Work task »
Each line below must be set down exactly; omit any image you find.

Data shown »
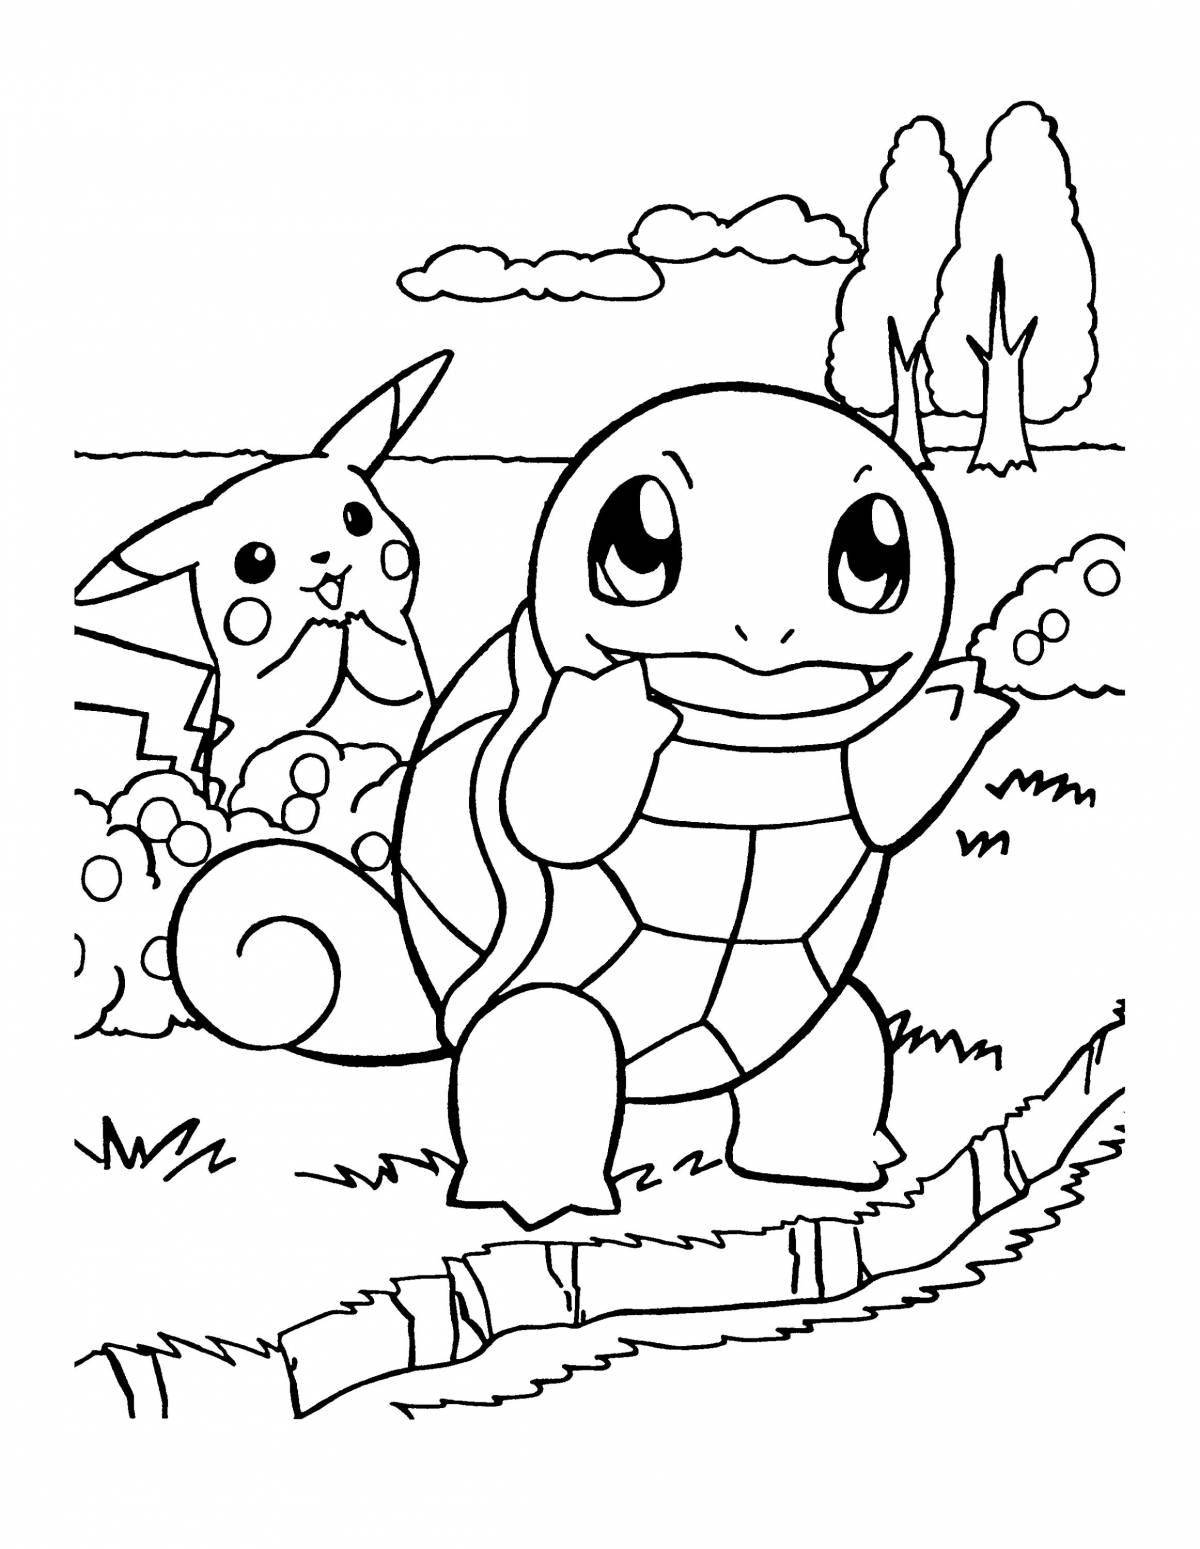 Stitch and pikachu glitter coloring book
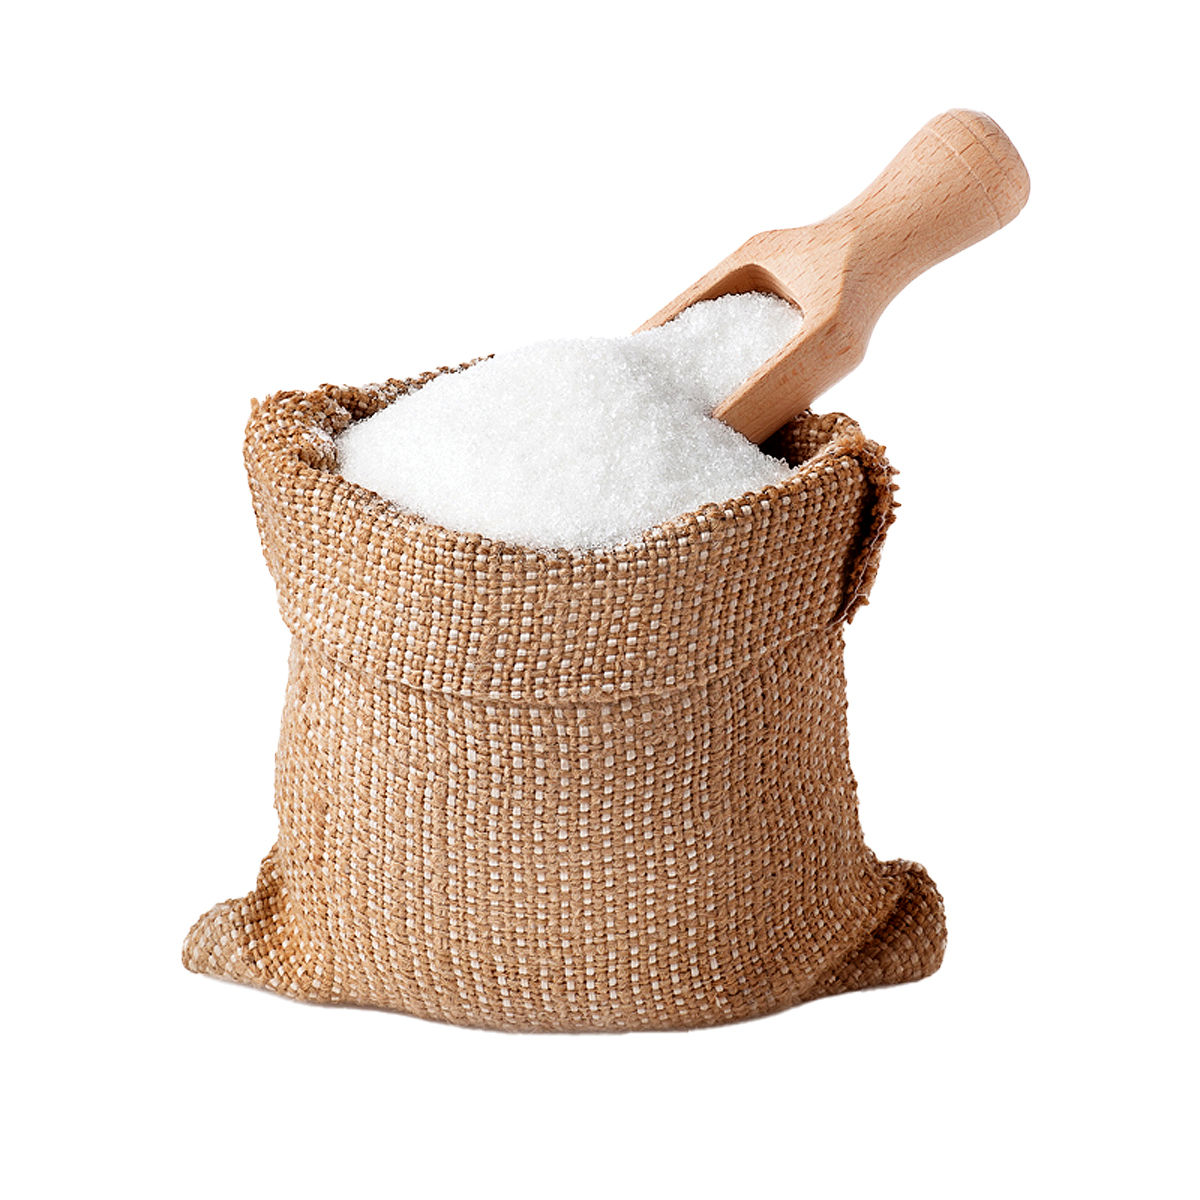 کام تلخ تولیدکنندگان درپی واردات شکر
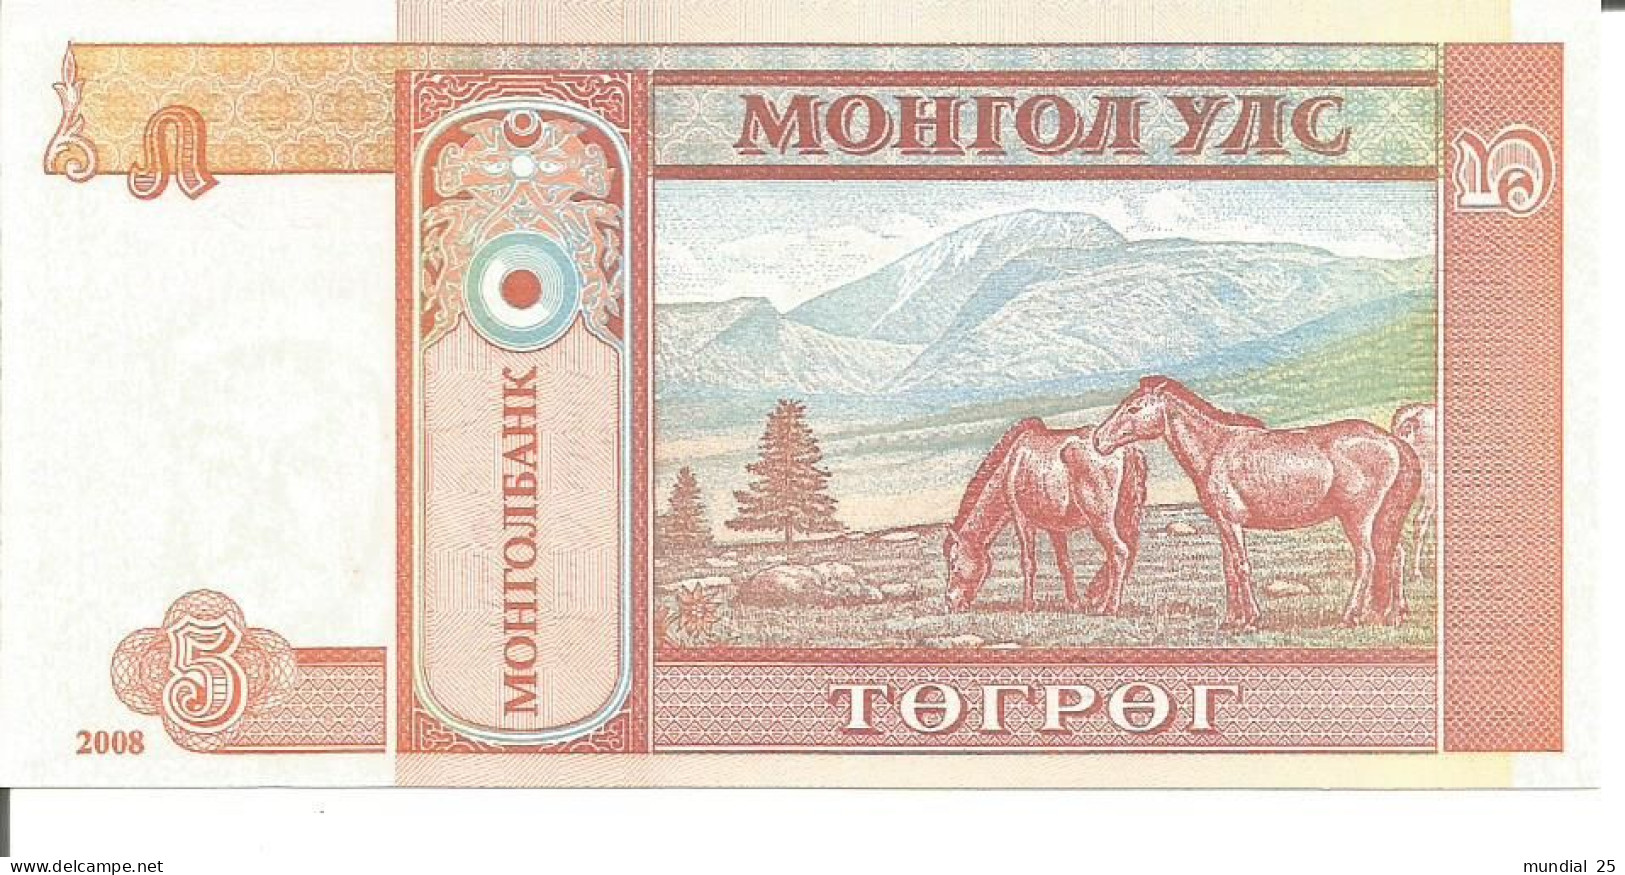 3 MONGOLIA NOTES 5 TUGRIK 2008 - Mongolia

Answer to this problem »
 Stitch and pikachu glitter coloring book
 کام تلخ تولیدکنندگان درپی واردات شکر
 3 MONGOLIA NOTES 5 TUGRIK 2008 - Mongolia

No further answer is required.